๐Ÿ“ข UnifiedGesture - Training on multiple gesture datasets, refine the gestures.

1. Environment Settings

This code was tested on NVIDIA GeForce RTX 2080 Ti and requires conda or miniconda.

conda create -n QPGesture python=3.7
conda activate QPGesture
pip install torch==1.8.0+cu111 -f https://download.pytorch.org/whl/torch_stable.html



pip install fasttext-wheel 
pip install fasttext

pip install torch torchvision torchaudio --index-url https://download.pytorch.org/whl/cu118
pip install -r requirements.txt

2. Quick Start

Download our processed database and pre-trained models from Tsinghua Cloud or Google Cloud and place them in the data fold and pretrained_model fold in the project path.

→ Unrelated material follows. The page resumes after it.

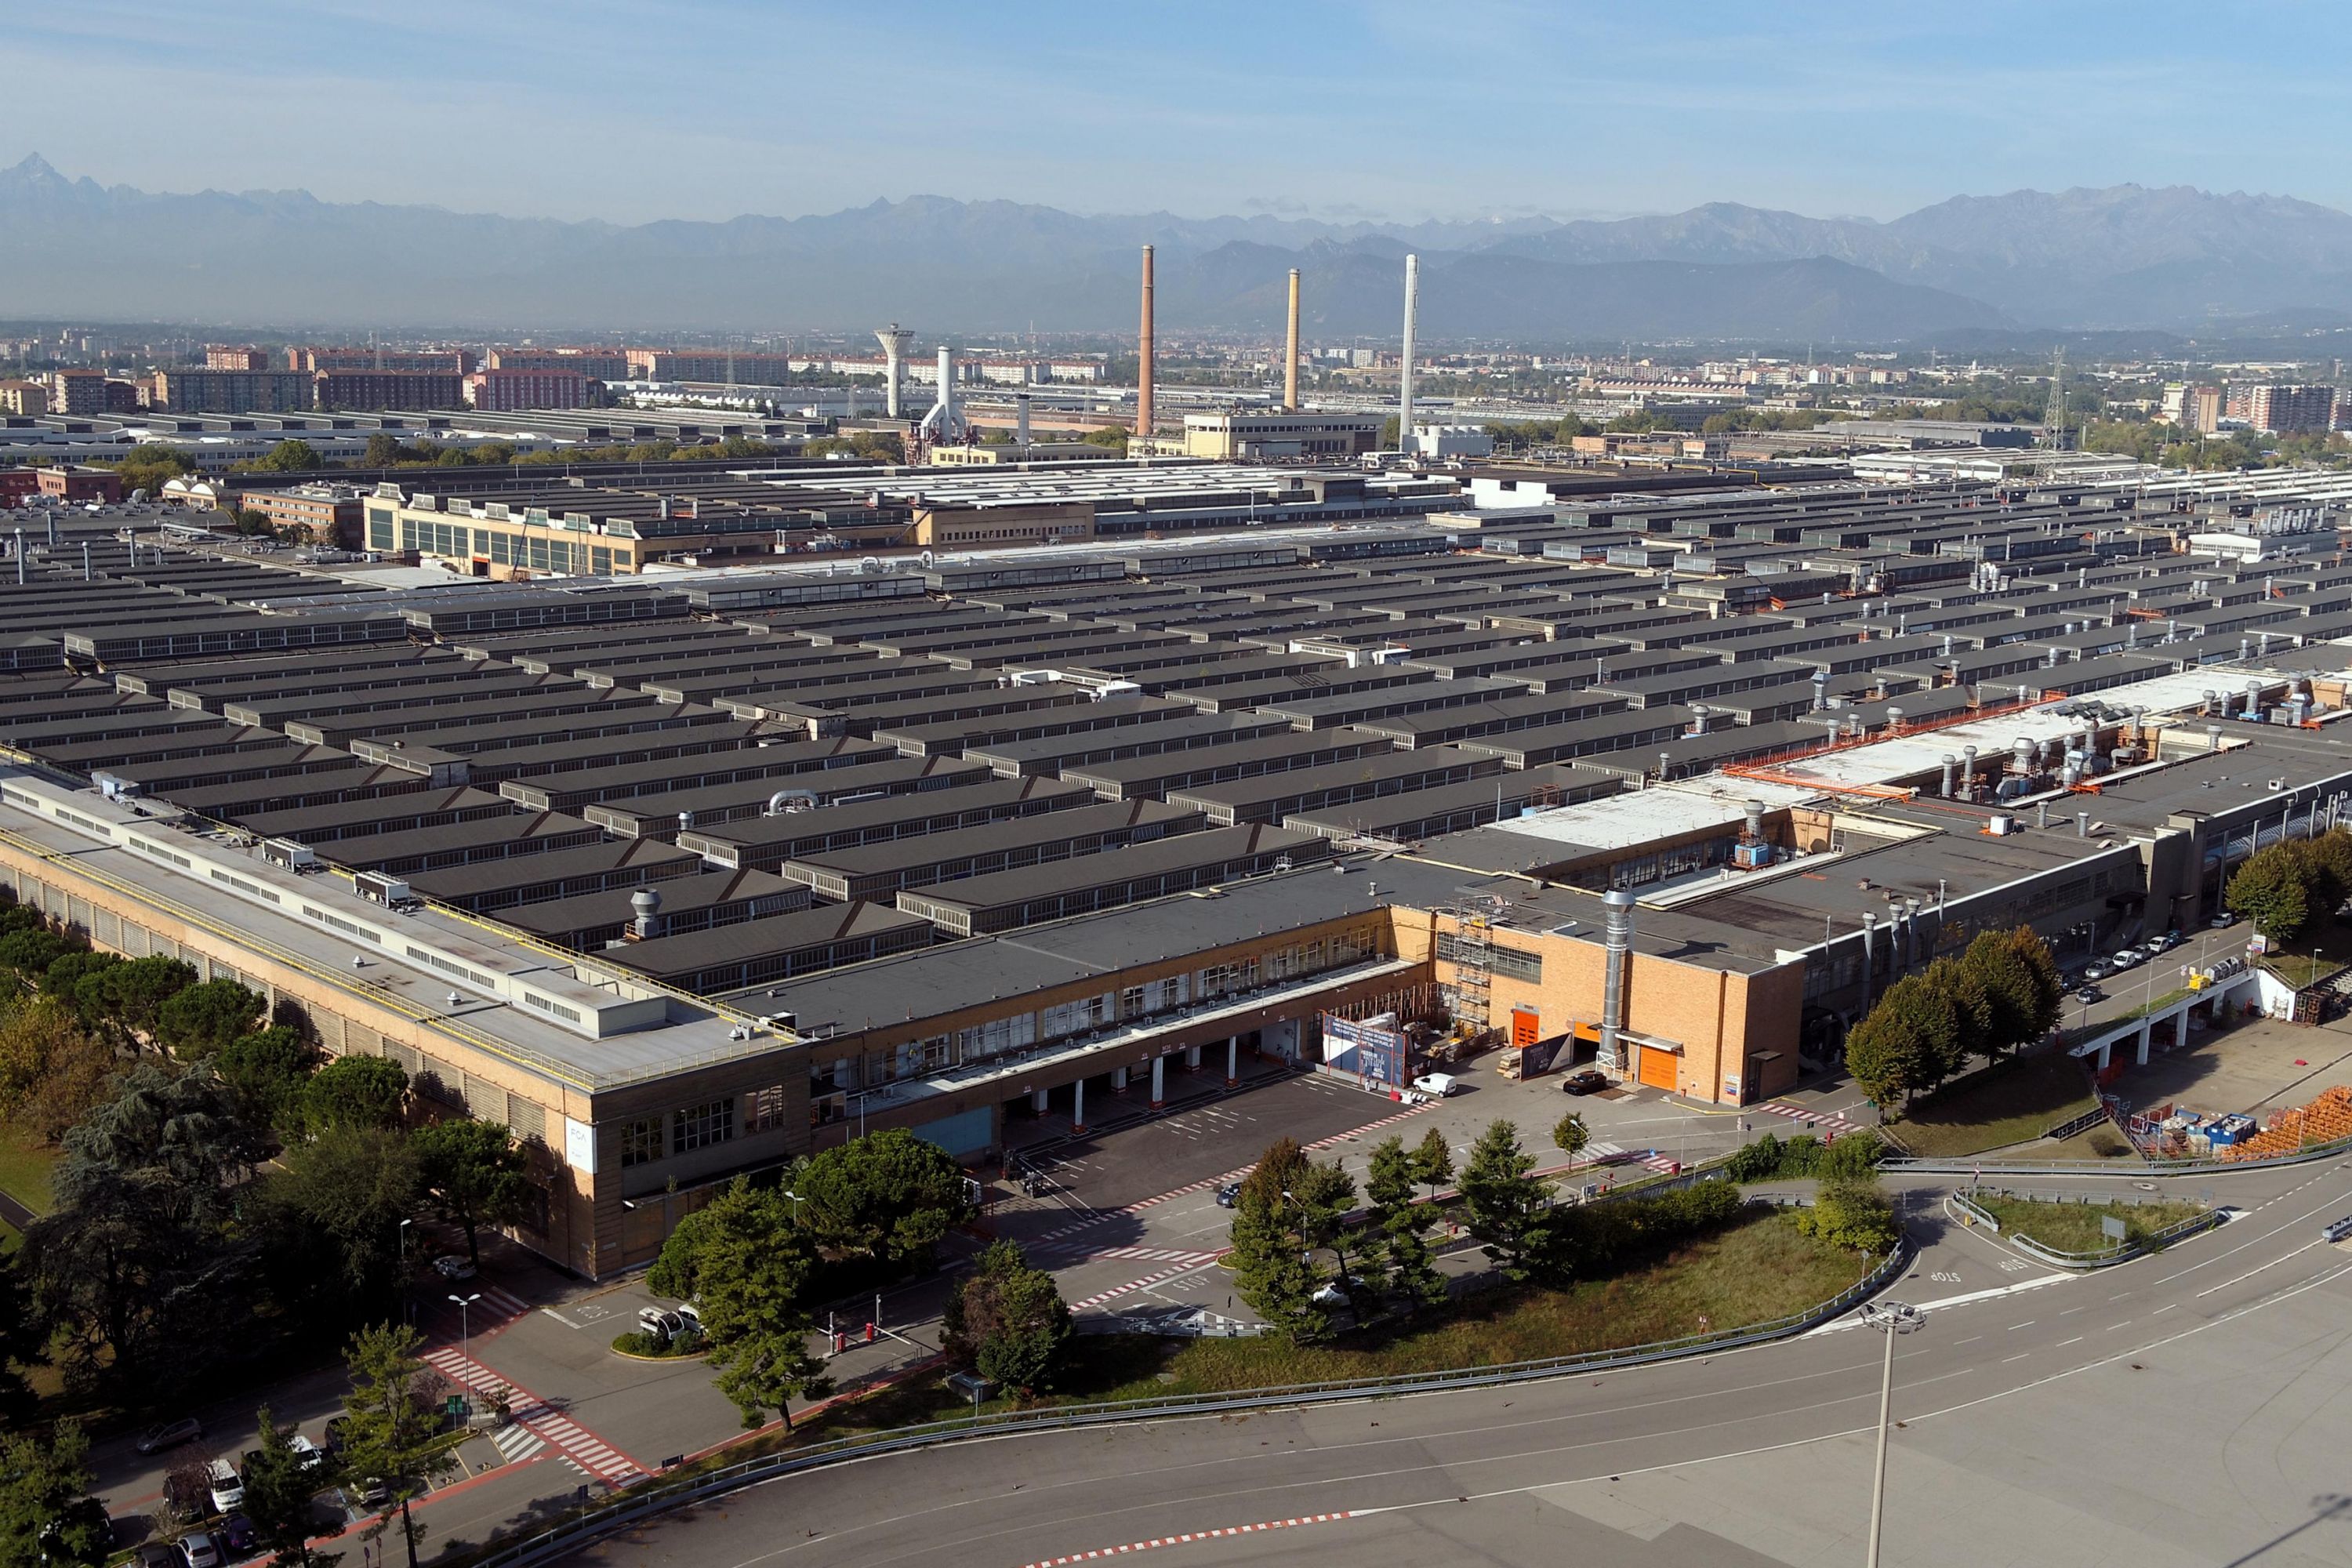 Mirafiori Stellantis factory

cd ./codebook/Speech2GestureMatching/
bash GestureKNN.sh

This is an audio clip about 24 seconds long and it takes about 5 minutes to match. You will get the results in ./codebook/Speech2GestureMatching/output/result.npz

cd ..
python VisualizeCodebook.py --config=./configs/codebook.yml --gpu 0 --code_path "./Speech2GestureMatching/output/result.npz" --VQVAE_model_path "../pretrained_model/codebook_checkpoint_best.bin" --stage inference

Then you will get .bvh, .mp4 and other intermediate files in .codebook/Speech2GestureMatching/output/knn_pred_wavvq/

knn_pred_wavvq_generated.mp4

You can use Blender to visualize bvh file.

0001-1440.mp4

We also provide a processed database for speaker id 1, available for download in Tsinghua Cloud and Baidu Cloud. It is optional to use this database. We recommend trying Speaker 1, which has a larger database and better performance.

3. Test your own audio

Here, we need to build the test set. We use ./data/Example3/4.wav as an example. Note that no text is used here.

Download vq-wav2vec Gumbel from fairseq and put it in ./process/. Modify the code of fairseq in conda or miniconda according to this issue.

Then run:

cd ./process/
python make_test_data.py --audio_path "../data/Example3/4.wav" --save_path "../data/Example3/4"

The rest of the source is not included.